MY CALL: This movie is dumb. Really dumb. But it’s also gory, campy, bad in a good way and full of laughs and weird things like werezombeavers. MOVIES LIKE Zombeavers: Looking for more self-aware horror that will make you laugh? Try Black Sheep (2006), Cabin Fever (2002), Cabin Fever 2 (2009), Cabin Fever: Patient Zero (2014), Shark Night 3D (2011), The Boneyard (1991), Critters (1986), Gremlins (1984), Ghoulies (1985), Piranha 3D (2010), Piranha 3DD (2012).
This flick dutifully pays homage to the likes of Piranha 3D (2010), which feels like an Academy Award winner next to this. It answers what happens when an inexperienced director teams up with two inexperienced writers, none of whom having written or directed anything in horror? Certainly nothing amazing, but perhaps something that’s still worth the price of admission at the very least…as long as you brought beer, that is. That’s what Zombeavers is. It’s the very least…the very least that it takes to watch a movie and not hate, regret or dislike it to the point that it cannot be enjoyed.
This movie is definitely funny (and fun in general), but there are scenes that I feel may not have been intentionally funny (although this film is very self-aware of its quality and tone). The acting is deplorable, the writing is horrendous, there’s basically no story nor any clever shots to boast. Yet I didn’t mind.
Perhaps a product of the film’s own self-awareness, no time is wasted before leaping into some lakeside nudity. It may not be raining breasts in terms of the gratuitous nudity, but they got to it right away for those who care. Later in the film we’ll endure some quintessentially tasteless sex scenes (brief nudity at most) that feel like a one-way ticket to pound town on frat row. The sex dialogue is pretty funny.
The highlight of the film is animatronic beavers, which are delightfully bad. After being exposed to some sort of toxic waste that was dumped in their lake, these rabid twitchy zombie beavers remind me of the glorious creature effects of the 80s.

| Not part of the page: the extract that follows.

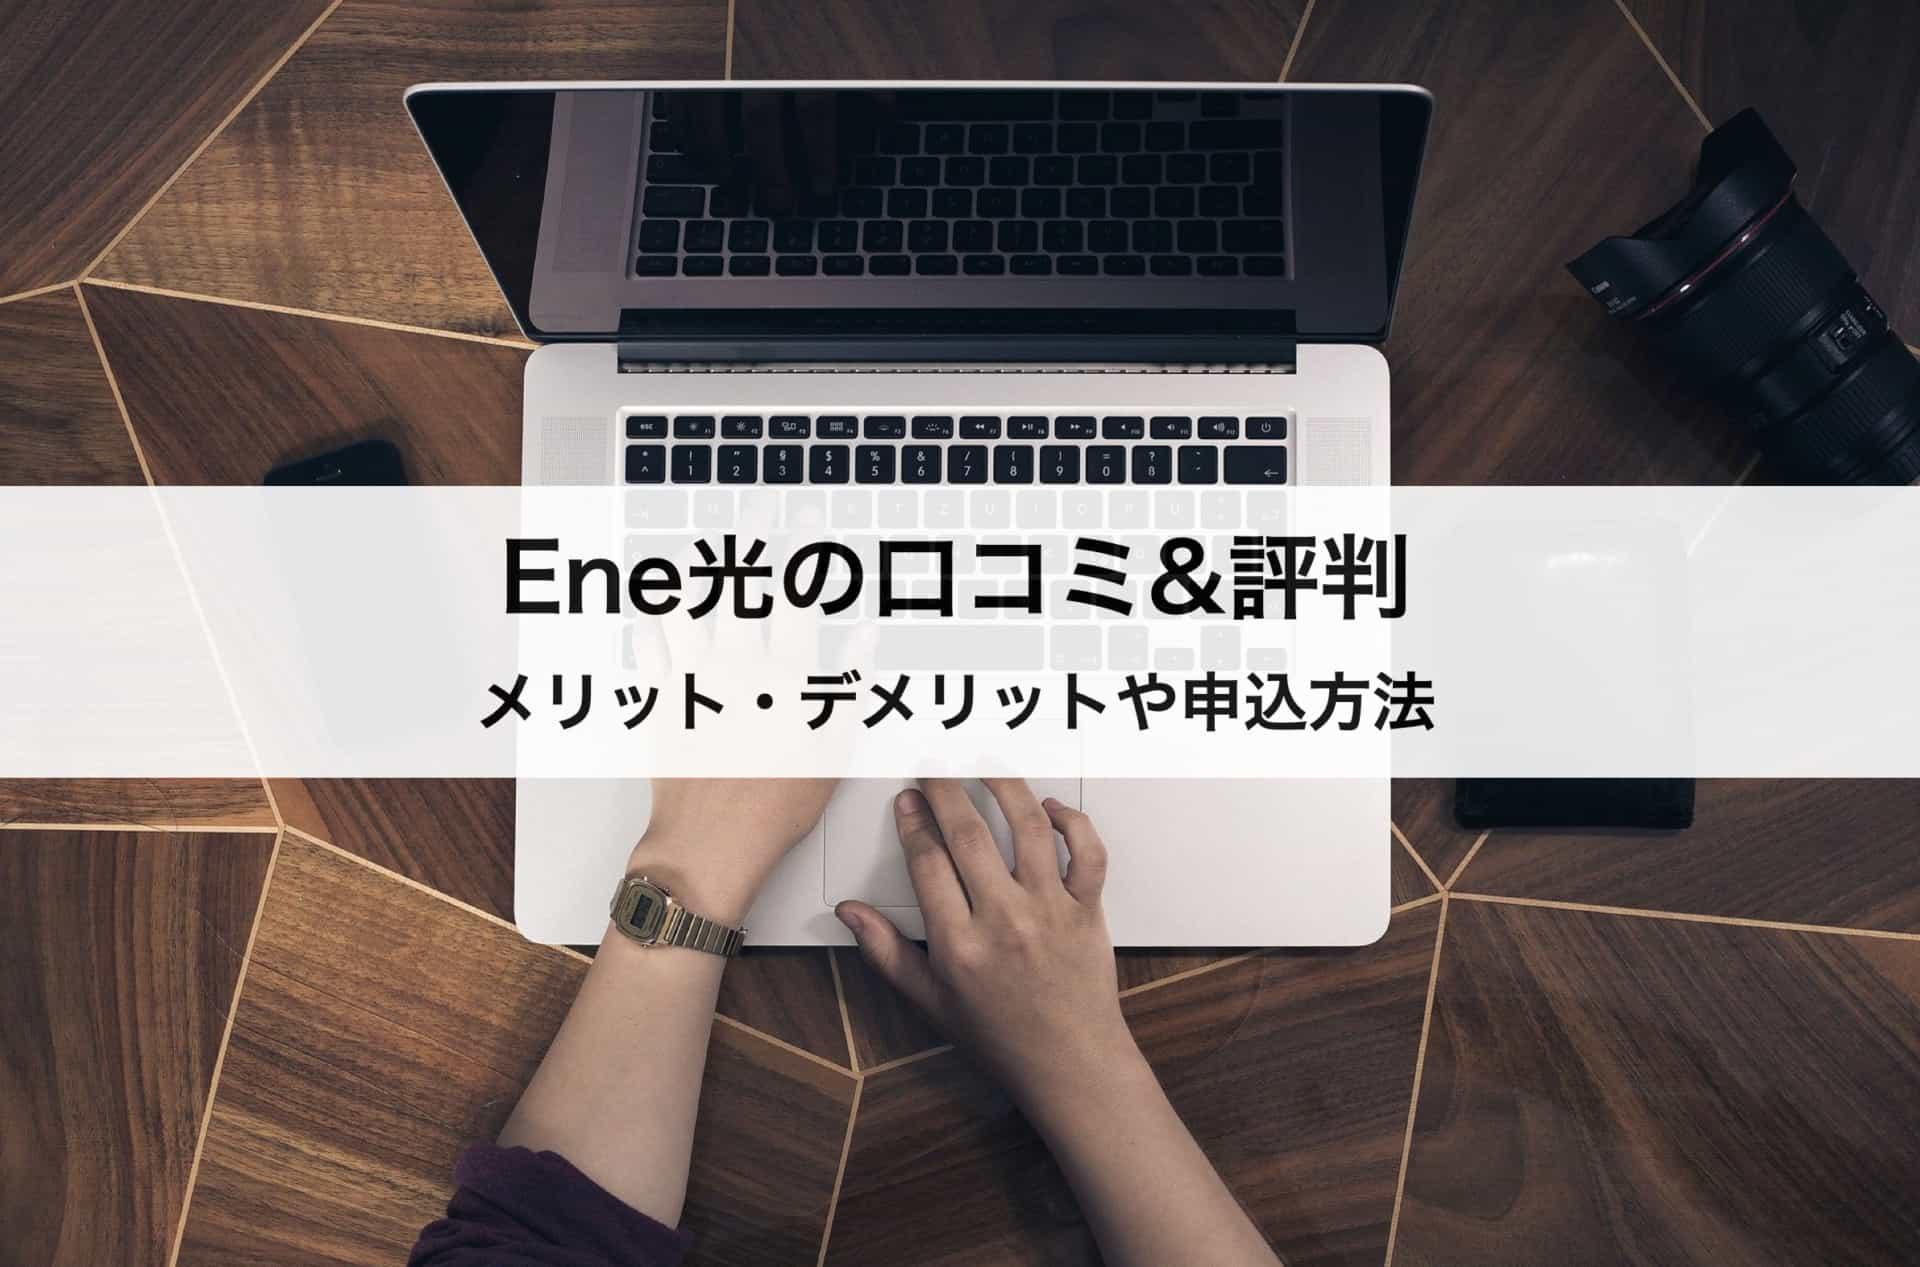 Ene光の口コミ&評判|メリット・デメリットや申込方法まで徹底解説!

Their spastic movements are reminiscent of evil Muppets or shaky-limbed gremlins. While they are surely funny to watch, something about them remains menacing. Really—I think the twitchiness makes them appropriately off-putting. I’m somewhat reminded of the mounted deer head in Evil Dead 2 (1987) crossed with the trickster gopher from Caddyshack (1980).
As you can see BELOW, the shots very tasteful.
As if directly copying scenes out of Night of the Living Dead (1968), the zombeavers break their way through boarded up windows in the panicked victims’ vacation house and the deck of the tanning raft. The beavers are pretty smart. They chew through phone lines and know when to regroup.
If the cheap zombeavers were the best aspect of the film, the gore came next. The rubber guts and torn latex flesh is thankfully abundant as throats are bitten and bodies sundered.
Quite a pleasure was the transformation of a bitten girl into a werebeaver zombie (or werezombeaver?)—not unlike what happened in Black Sheep (2006). These infected victims behave as if they caught a beavered up version of the Evil Dead’s (2013) contagious zombie demonism. After being infected, a young woman twerks her tail—YES, she grew a beaver tail—and terrorizes her friends with her buck teeth which pushed their way through her front teeth. She even bites off a guy’s penis in the spirit of Piranha 3D (2010). Yikes!
Clearly this flick has a good sense of humor. At one point a guy throws his girlfriend’s dog in the water as a decoy for the beavers and when the zombeavers break their way through the cabin floor, it’s like a game of Whack-a-Mole.
That poor dog. SMH
The ending (and opening) scene is gloriously stupid, along with the outtakes at the end. My favorite outtake was the dog in the water being chased by the zombeaver props.
I highly recommend this to anyone who enjoyed the more recent movies listed above in “MOVIES LIKE Zombeavers.”